Let $\hat \theta$ be an estimator of the parameter $\theta$. The estimate is obtained as a (deterministic) function of $n$ observations $x_1, \ldots, x_n$ and $m$ auxiliary random variables $y_1, \ldots, y_m$. $\hat \theta$ is a randomized estimator, in the sense that the estimate depends not only on the observations $x_1, \ldots, x_n$ but also on the random variables $y_1, \ldots, y_m$.
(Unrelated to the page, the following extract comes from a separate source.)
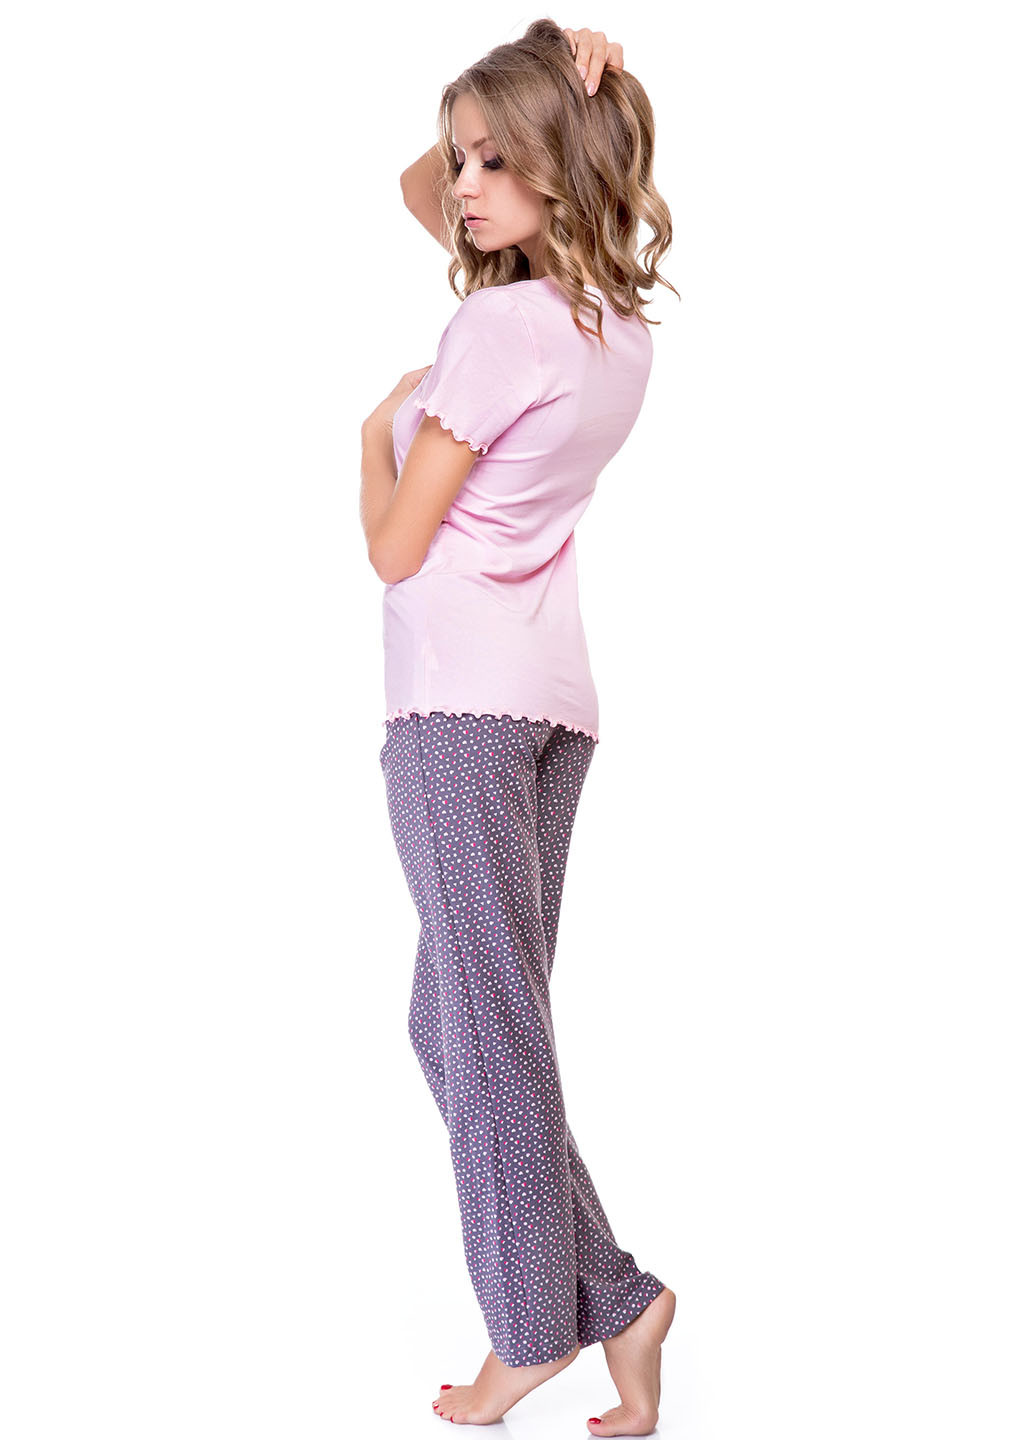 Комбинированная всесезон пижама (футболка, боюки) футболка + брюки Fleri

Consider first the case $m=1$. From the law of total variance, $$ \mathrm{Var}[\hat \theta] = \mathrm E_{y_1}(\mathrm{Var}[\hat \theta \,|\, y_1]) + \mathrm{Var}_{y_1}(\mathrm E[\hat \theta \,|\, y_1]). $$ The term $\mathrm{Var}[\hat \theta \,|\, y_1]$ is the variance of a deterministic estimator obtained from conditioning on $y_1$; and therefore satisfies the Cramér-Rao bound with respect to the observations $x_1, \ldots, x_n$. Thus $\mathrm E_{y_1}(\mathrm{Var}[\hat \theta \,|\, y_1])$ also satisfies the Cramér-Rao bound. The second summand on the right-hand side is clearly non-negative. Consequently, $\mathrm{Var}[\hat \theta]$ satisfies the Cramér-Rao bound.

For $m>1$ the reasoning is similar. The formula for the (total) variance now contains more terms. The first is the expected value of the conditional variance, $\mathrm E_{y_1,\ldots,y_m}(\mathrm{Var}[\hat \theta \,|\, y_1,\ldots,y_m])$, for which the standard Cramér-Rao bound applies; and the remaining terms are again non-negative.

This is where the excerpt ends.